Dívida - Mora do credor - Código Civil

O Código Civil prevê a mora do credor?



Sim, o nosso Código Civil, disciplinando sobre o inadimplemento das obrigações - quanto à mora - no artigo 394, determina que  "Considera-se em mora o devedor que não efetuar o pagamento e o credor que não quiser recebê-lo no tempo, lugar e forma que a lei ou a convenção estabelecer" (destaquei redação legal citada na parte que interessa ao questionamento )

terça-feira, 28 de março de 2017

Responsabilidade civil de dono de animal que causa dano a alguém

Vítima de mordida de cachorro pode pedir, por ação judicial, que o dono do animal seja condenado ao pagamento de indenização, para reparação de danos decorrentes dos ferimentos sofridos? 



O nosso Código Civil, trata da responsabilidade civil, na obrigação de indenizar do dono de animal que causa dano a alguém, determinando no artigo 936 que:

"O dono, ou detentor, do animal ressarcirá o dano por este causado, se não provar culpa da vítima ou força maior."

Assim, para a questão colocada, a vítima pode pedir, por ação judicial, que o dono do cachorro seja condenado ao pagamento de indenização pelos danos decorrentes dos ferimentos, mas, a possibilidade de recebimento de valor de ressarcimento está vinculado à inexistência de culpa da vítima ou ocorrência de força maior (situação imprevisível ou de difícil previsão, que não pode ser evitado).
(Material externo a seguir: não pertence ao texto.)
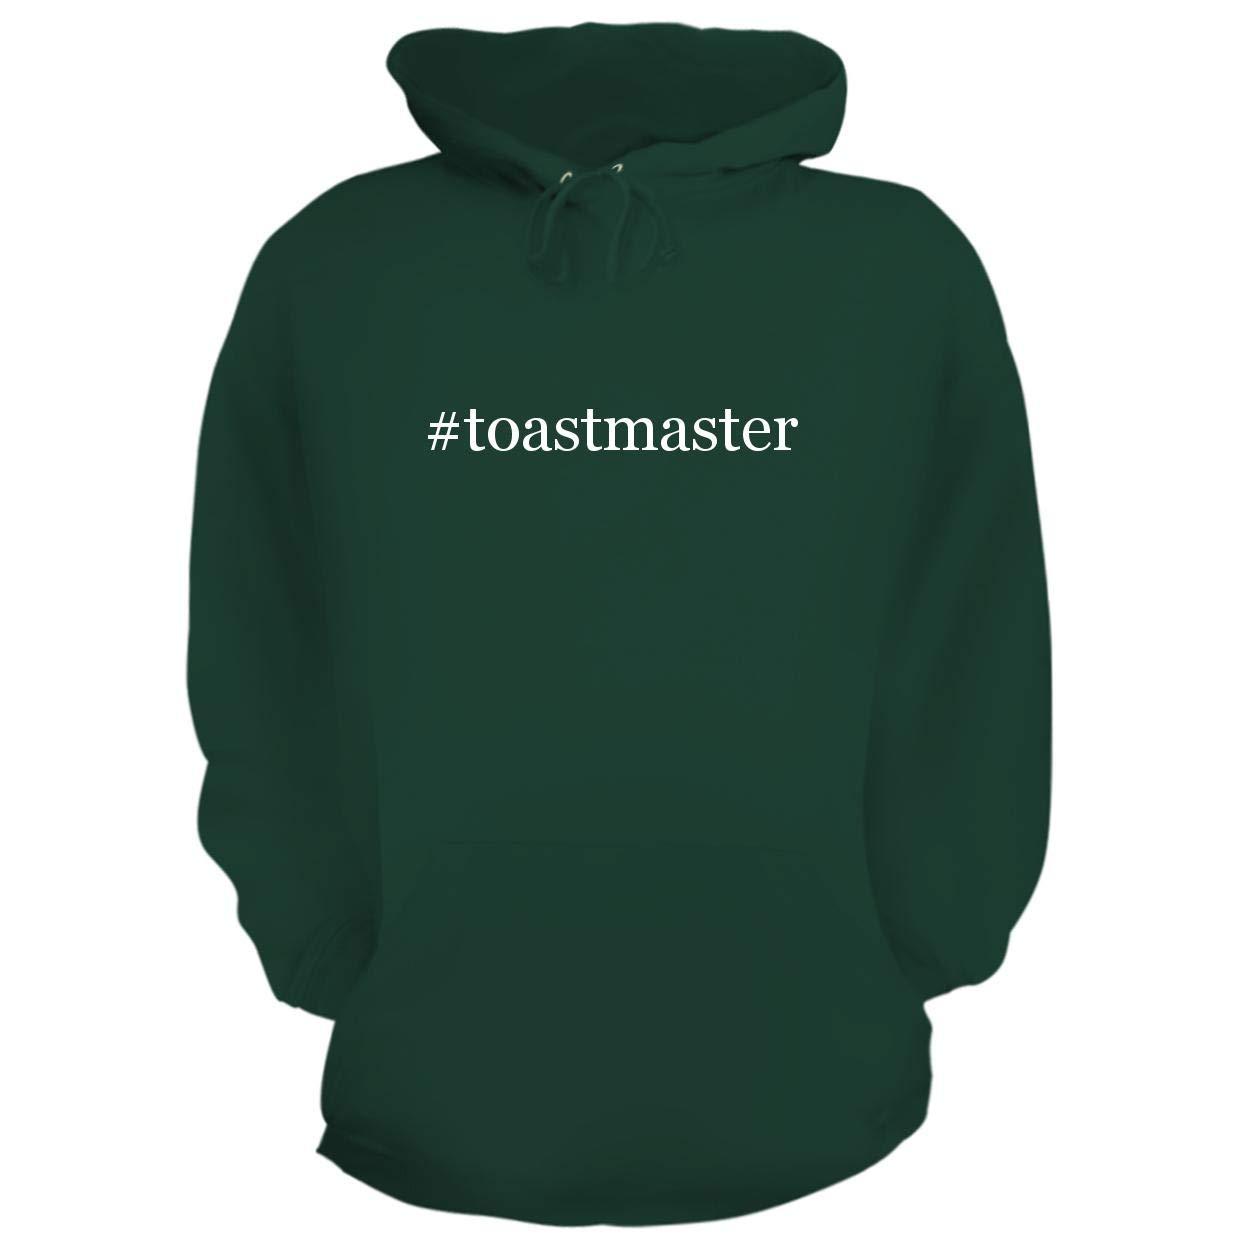 BH Cool Designs #Toastmaster - Graphic Hoodie Sweatshirt

quinta-feira, 23 de março de 2017

Contrato de compra e venda



Havendo contrato de compra e vende de algum bem, sem estipulação de venda a crédito, o vendedor não é obrigado a entregar a coisa vendida antes de receber o valor total (preço) estipulado para o negócio contratado, conforme determina o nosso Código Civil que estipula, sobre as várias espécies de contrato e sobre o contrato de compra e venda, no artigo 491, abaixo copiado:
"Não sendo a venda a crédito, o vendedor não é obrigado a entregar a coisa antes de receber o preço."